Comtech Telecommunications and LaaSer Critical Communications partner to deliver superior 911 emergency response

Comtech Telecommunications and LaaSer Critical Communications are partnering to deploy an enhanced solution to 911 emergency response in the mobile age. Together, Comtech and LaaSer will deliver supplemental location data and any rich media associated with an emergency call to the correct 911 dispatch center.

Comtech is a pioneer in this field, having deployed its first wireless 911 solution in 1998. LaaSer's patented, award winning solution ingeniously solves the problem of wireless caller location determination by leveraging many of the hardware components and software tools already built into modern connected devices, such as GPS, Bluetooth and Wi-Fi. Operators at 911 call centers can see a caller's location just as quickly and accurately as calls placed from landlines. And just as importantly, LaaSer's solution requires no overhead in the form of new equipment and is rapidly deployable.

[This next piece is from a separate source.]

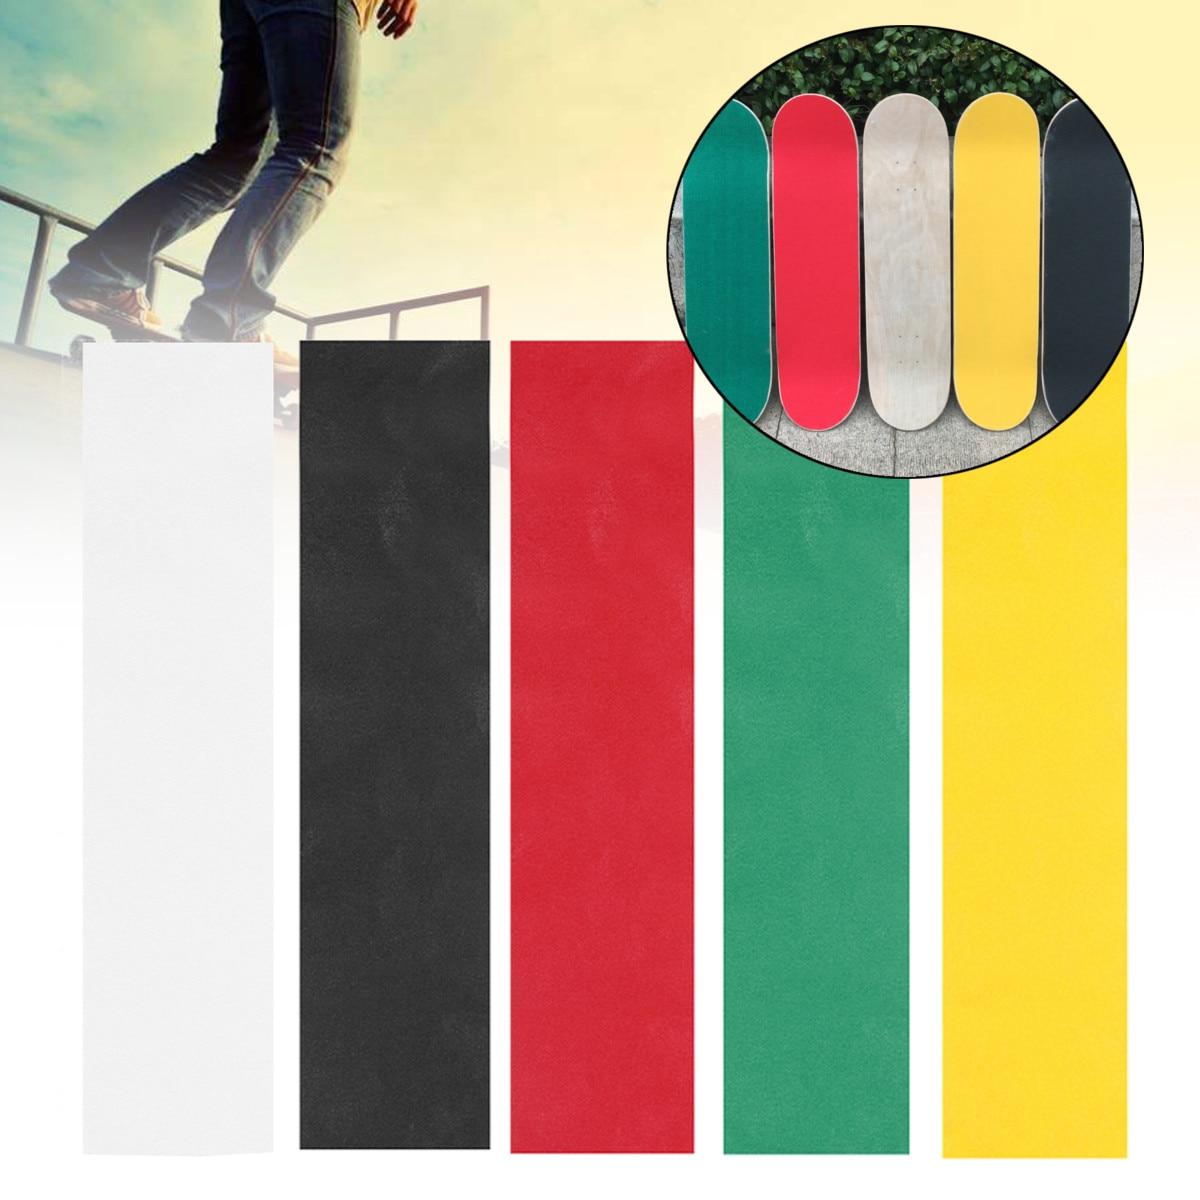 Colorful Skateboard Deck Sandpaper Grip Tape Griptape Skating Board Sticker

"This partnership combines Comtech's extensive experience delivering 911 calls to the nation's first responders with LaaSer's innovative technology," adds Fred Kornberg, President and Chief Executive Officer of Comtech Telecommunications Corp. "Together, we are committed to leveraging the latest technology to provide 911 dispatchers with the information that can save more lives."

"We started LaaSer to address some of the issues we saw in the existing 911 system," says Fred White, cofounder and CEO of LaaSer. "And now, by partnering with Comtech, we'll be able to expand LaaSer's life saving technologies and enable entirely new ways to provide emergency services with accurate location and supplemental data."

The current 911 system was designed when landlines were the most common mode of communication, and the system hasn't kept pace with the rapid pace of mobile innovation and adoption. The FCC is certainly aware of the issue and the toll it's taking in lives. The agency estimates that improving the average emergency response time to mobile callers by just 60 seconds could save over 10,000 lives annually.